I saw a person's eye bitten by a dog but I thought, “I have to stop that injured eye from moving to stop any more injury, and I went about doing that not thinking of the bloody sight or how painful it must have been and was at that time.
I saw a 2 x 4 with a large nail in it and a woman's foot impaled on that nail with the nail coming out the top of the foot. I thought, “I have to stabilize the foot on the board to keep more damage from happening”, and that is what I did not thinking about the pain or the blood or the terrible sight of it.
I saw a woman on the road who fell off a bike going down a hill without a helmet on and part of her skin was on the road and her head was a mass of blood. I thought, “I have to stabilize her neck with a collar right now to prevent further damage if it is there.”
I saw a man on the bathroom floor who I knew had a heart attack and I knew this man. I thought, “I have to get blood to his heart and brain”, and that's what I did.
Then, one day I was going to Houston with a man who was going to his doctor and wanted me to go with him. We were meeting at a restaurant and he didn't show up and didn't answer his phone. I went to his house out in the woods and found him dead. I called the sheriff's office, had the man's dog follow me to my car and we waited for the sheriff and deputies. That man was my friend and I was cold and shouldn't have been. I went back in the house with the cops, and worst of all, I had to call the man's son and tell him. That was the worst of it. I was cold when I left and went to a friend's house and stood in front of the fireplace. I couldn't get warm.
Finding the friend dead affected me - I was helpless to fix that - there was nothing I could do and I hated calling that son.

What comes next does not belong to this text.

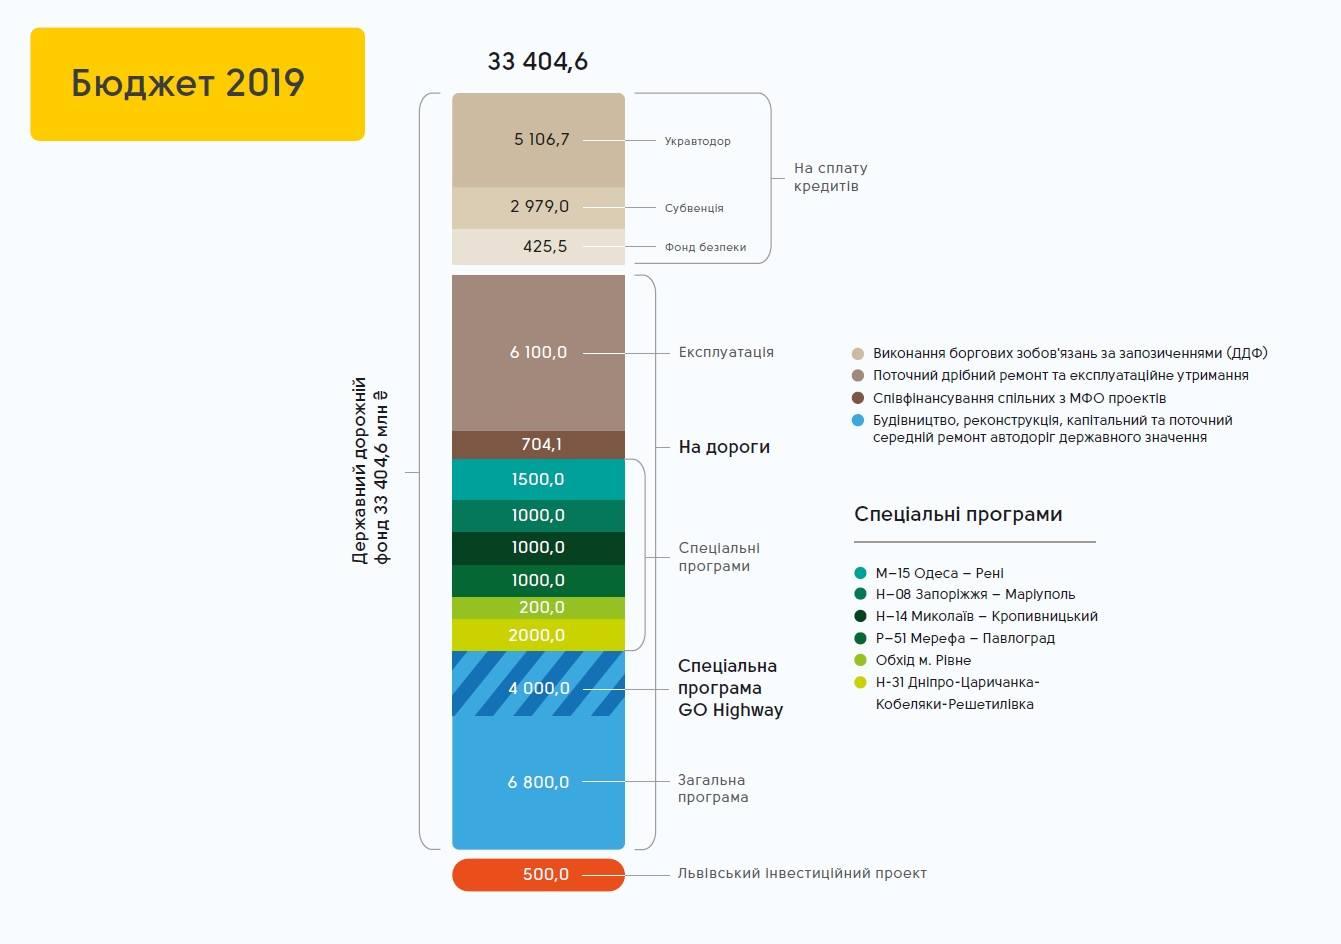 Закатать в асфальт: какие трассы власти отремонтируют в 2019 году за 50 млрд гривен

Think of the situations you have gone through - how were you when you could do something and how were you when you were helpless? Do the helpless times stay in a box in your brain and sometimes that box opens?
On the flip side, good memories can be triggered by sights/smells.
That is true and I’m glad it’s true. I love to smell my Yorkie after she has been to the groomer - simply delicious and she is beautiful. She always smells nice and her hair is so soft.
A lot of the sights and smells are pushed to the back of your mind. The ghost can and will come back and haunt you. Your friends dieing last breath calling out for his momma will make anyone cry.
>>But it was 20 years ago you gonna say. Well for me it was like yesterday, it is everyday.<<
I worked once with a Marine helicopter pilot and a Marine “tunnel rat”. One day, we were having a staff meeting in the QC lab. The timer on the oven went off during the meeting, a “general quarters” - type gong.
All three of us were under the table in a heartbeat. Afterwards, we were all kind of sheepish and everybody looked at us like “Huh?” And that was more than 20 years.
I still respond - 50+ years afterwards - to the sound of a helicopter.
This spent 30 years in the Alaskan bush starting in 1968.
http://www.dickproenneke.com/
Finally came back to civilization at age 82 in 1998.